In 1665, Arabella Churchill became Maid of Honour to Anne Hyde and began an affair with her husband James, then Duke of York. This led to appointments for her three brothers and in 1666, George was commissioned as Lieutenant in the Royal Navy. He did not serve at sea, instead acting as page to the Earl of Sandwich, envoy to Spain from 1666 to 1668.

Returning from Spain in 1668, his father's financial troubles meant George spent a brief period as a Draper's apprentice, one of the powerful trade associations that dominated the City of London. He returned to military service during the Third Anglo-Dutch War in 1672 and thereafter held a series of positions in the army and navy.

Charles Churchill had previously served at the Danish court, where he became friends with Prince George of Denmark. In 1683, Prince George married James' younger daughter, 18-year-old Anne; John's wife Sarah Churchill was appointed Anne's Lady of the Bedchamber, while her brother-in-law Colonel Charles Griffin became Prince George's senior aide. The Churchills and their relatives formed a central part of the so-called 'Cockpit circle', named after Anne's apartments in Whitehall Palace. George was particularly close to Prince George and owed much of his later success to their friendship.

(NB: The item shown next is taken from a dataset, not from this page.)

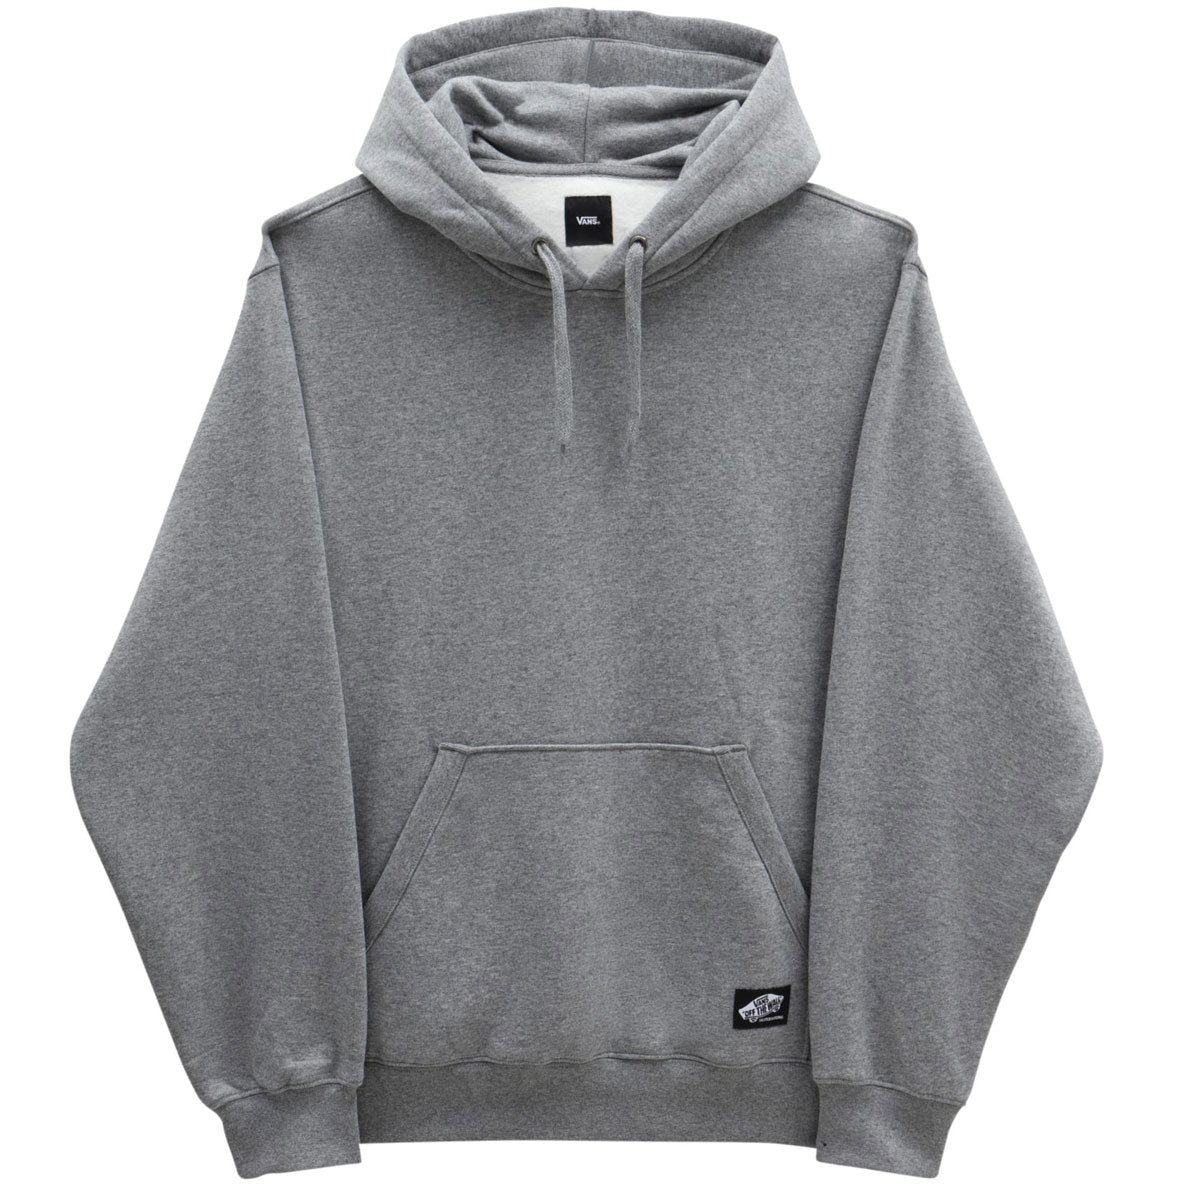 Vans Skate Classics Patch Hoodie - Cement Heather image 1

Later suggestions of a homosexual relationship between the two Georges appear to have originated with Sarah Churchill. She made similar allegations against Abigail Masham, who supplanted her as Anne's closest friend and often quarreled with her brother-in-law. Since Anne was very close to her husband and pregnant on no less than 18 occasions, such accusations were unwise and Sarah later withdrew them. The wider question on George's sexuality cannot be established; for a variety of reasons, younger sons often remained unmarried.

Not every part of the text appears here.